Of course, as with so much of human action, there’s bad news, too. Trump is a leader who has a zero-sum game approach to trade. With incredibly protectionist campaign rhetoric, he promised severe curbing on international trade. Naturally, as the saying goes, when America sneezes the whole world catches a cold. To that end, any kind of financial moves from the new administration will have lasting consequences.

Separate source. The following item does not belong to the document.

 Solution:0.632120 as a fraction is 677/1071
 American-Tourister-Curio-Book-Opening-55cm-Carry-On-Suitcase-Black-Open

There’s also the shocking reaction to United Kingdom’s decision to leave the European Union. As the Financial Times reports: “According to officials at the Bank of England and the Treasury, the big concern is that the uncertainty of having no functioning government, no effective opposition and no plan for Brexit means households and companies will put spending decisions on hold, prompting a steep downturn that threatens to become self-reinforcing. They also worry about Britain’s current account deficit of 7 per cent of national income which requires the nation to rely on external finance to prevent sterling from sinking.”

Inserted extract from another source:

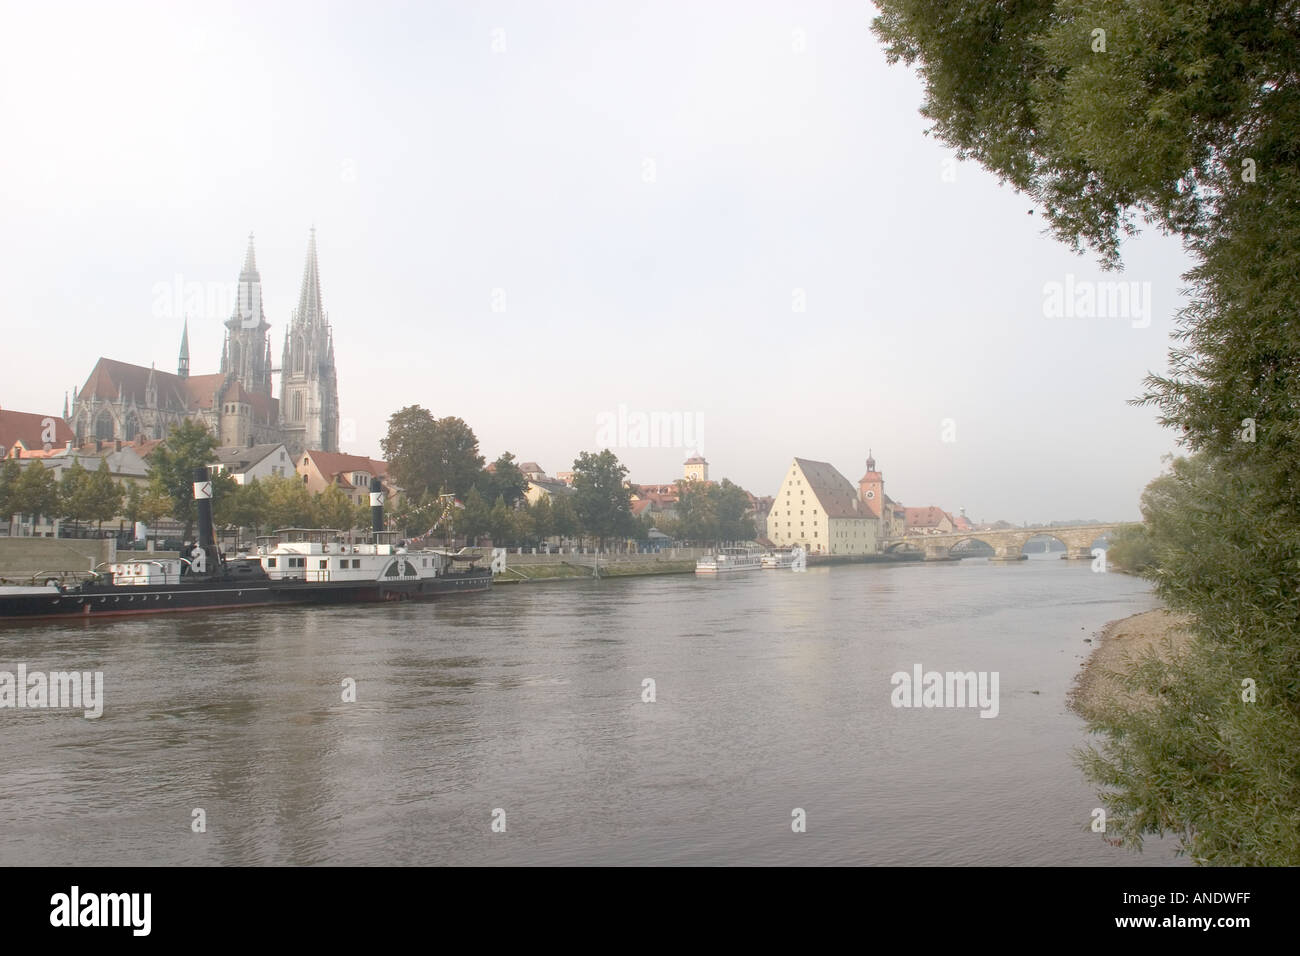 Beautiful misty view of the ancient city of Regensburg on the Danube River Germany Western Europe Stock Photo

This tells us that the future focus for global finance initiatives must look globally. No longer can you look at local markets. Everything is affected by everything else, some more than others. Superpowers like America and Britain are obviously casting a wider net than, say, African countries – but that doesn’t mean there aren’t complications that will arise regardless.

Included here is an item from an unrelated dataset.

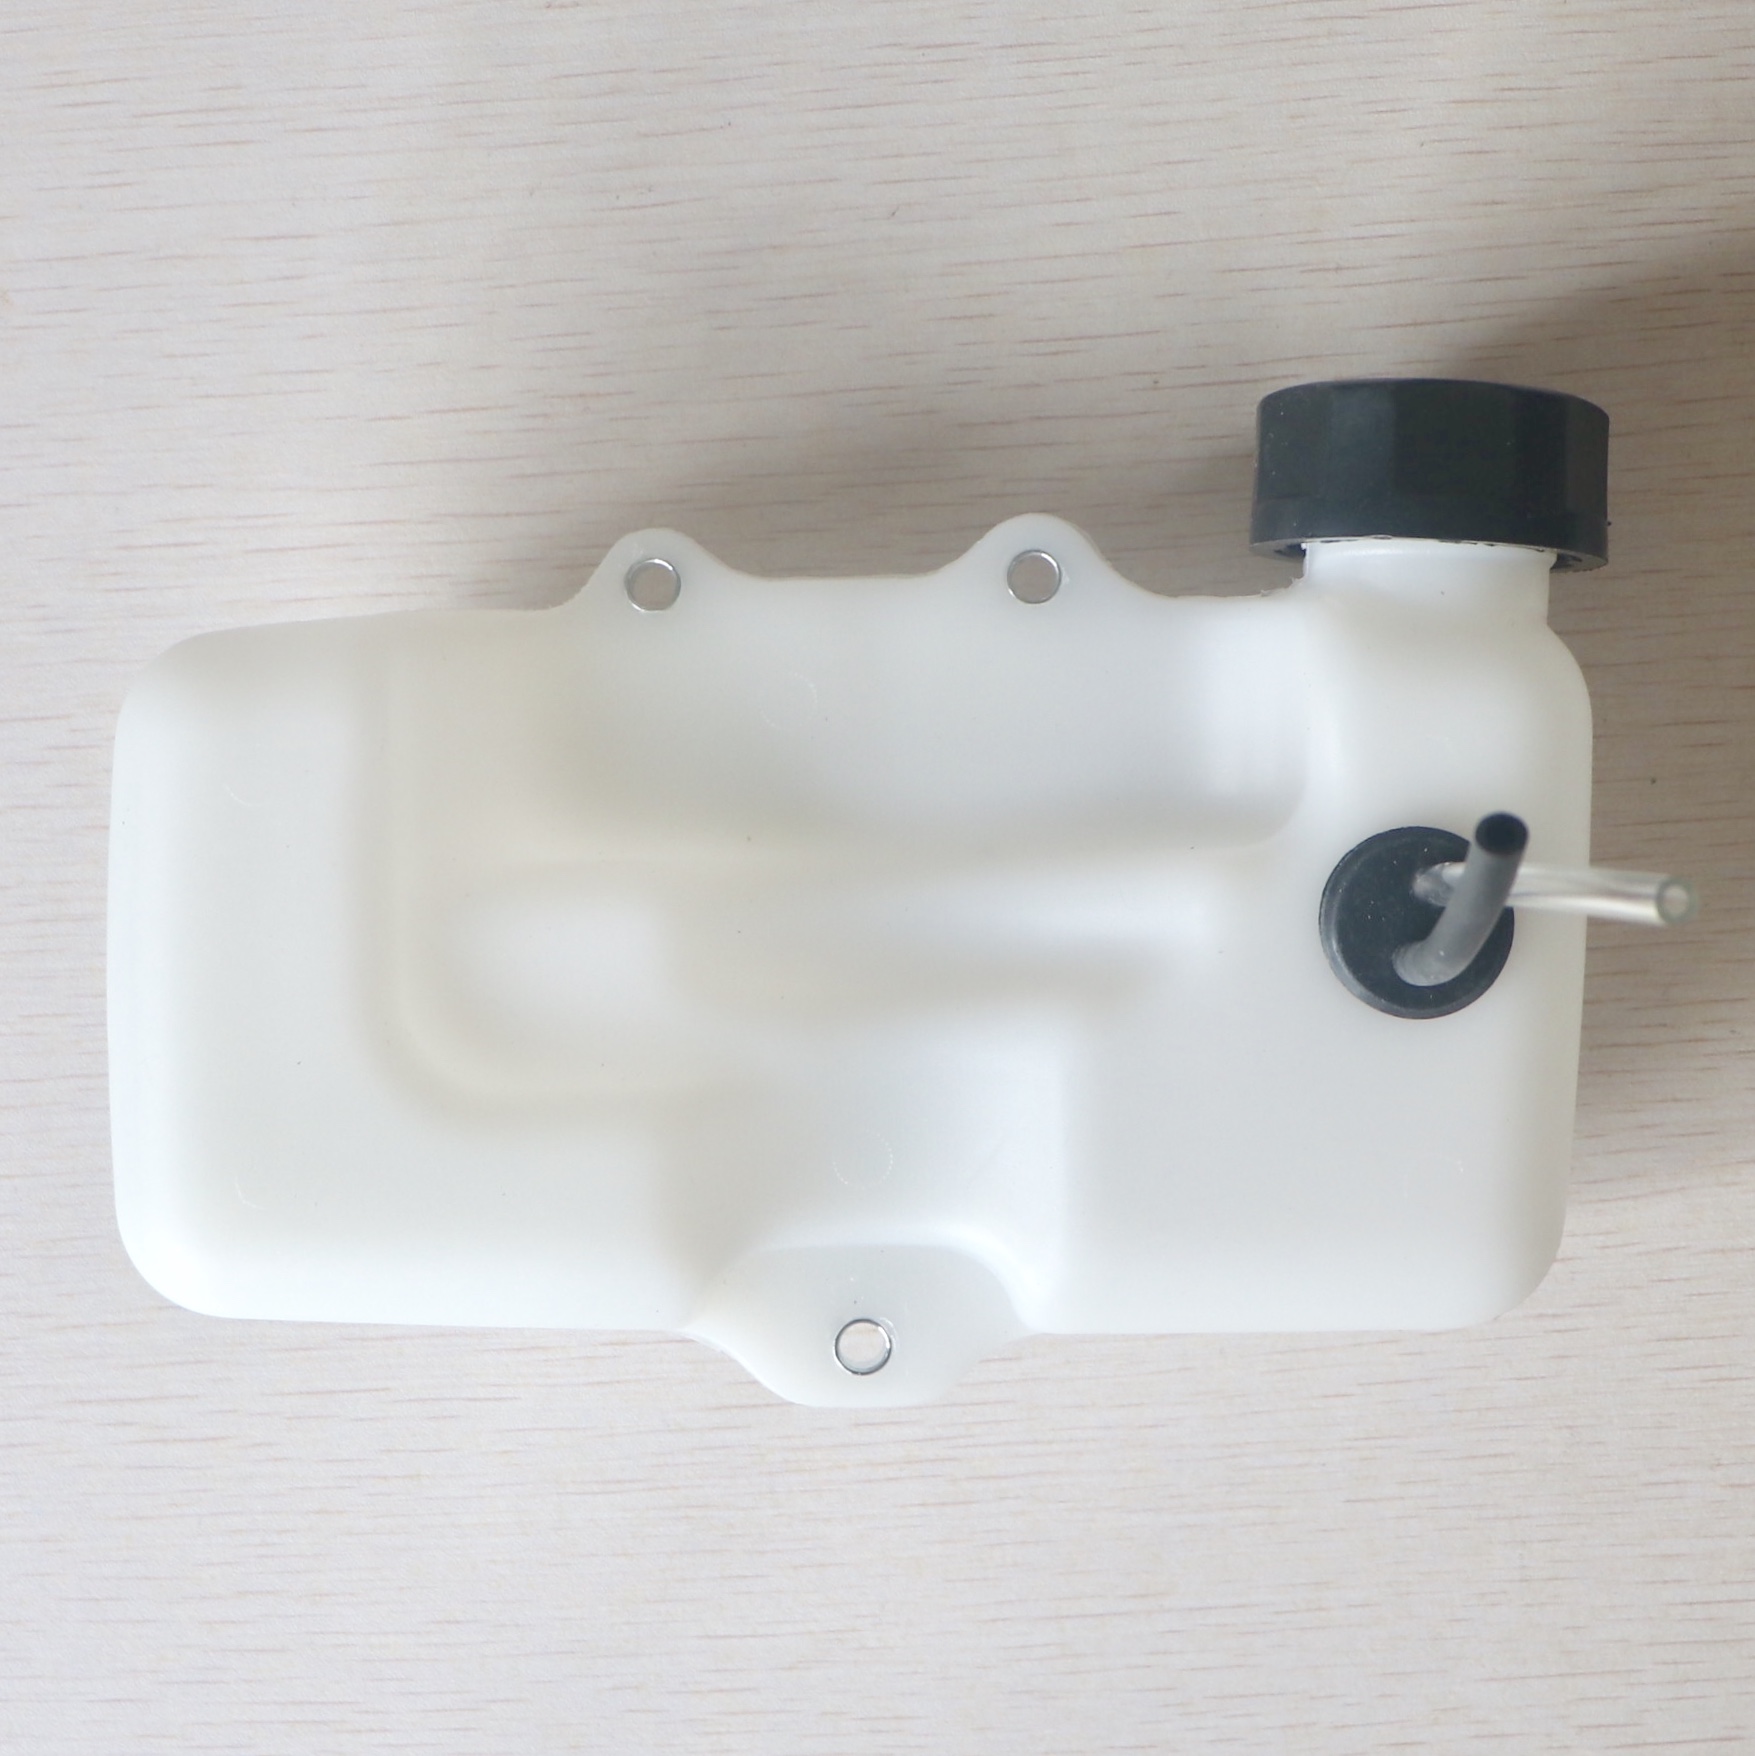 32-8 Fuel Tank for Hedge Trimmer Grass Trimmer Brush Cutter

New South African tax laws
Recently, President Jacob Zuma signed new bills into law. These are all part of ongoing discussions regarding how people manage their finances. As Business Tech reports, one of these new laws is about unemployment: The Unemployment Insurance Amendment Act.
“The main purpose of the legislation is to amend the Unemployment Insurance Act so as to provide for the extension of the unemployment insurance benefits to learners who are undergoing learnership training and civil servants and also, among other things, to adjust the accrual rate of contributor’s entitlement to unemployment insurance benefits and to provide for the process of application for maternity benefits.”
Other legislation tackles finance in various forms, all of them therefore will have an effect on everything from insurance to corporate finance. It is wise then to speak to financial experts to figure out precisely what this means for you and your business. Even if you’re not a business owner, you will be affected by what businesses do and what the law says they’re now allowed to do.
Cars are some of the most expensive items anyone owns. And recently the sales have not looked good for the industry. As Wheels24 notes:
“Naamsa says its 2017 projections for South Africa reflect an expected improvement in GDP growth to around 1.5% (from 0.4% in 2016). Local political tensions are likely to reduce business confidence and the expected increase in taxes in this years’ budget will erode real purchasing power. Internationally, volatile and uncertain conditions are likely to prevail during 2017.”
In America, the situation isn’t much better. Wallet Hub reports: “it is unlikely that the U.S. auto industry’s boom can continue much beyond 2017. So we can expect sales volume to begin regression toward the historical mean of just over 15 million vehicles sold per year.”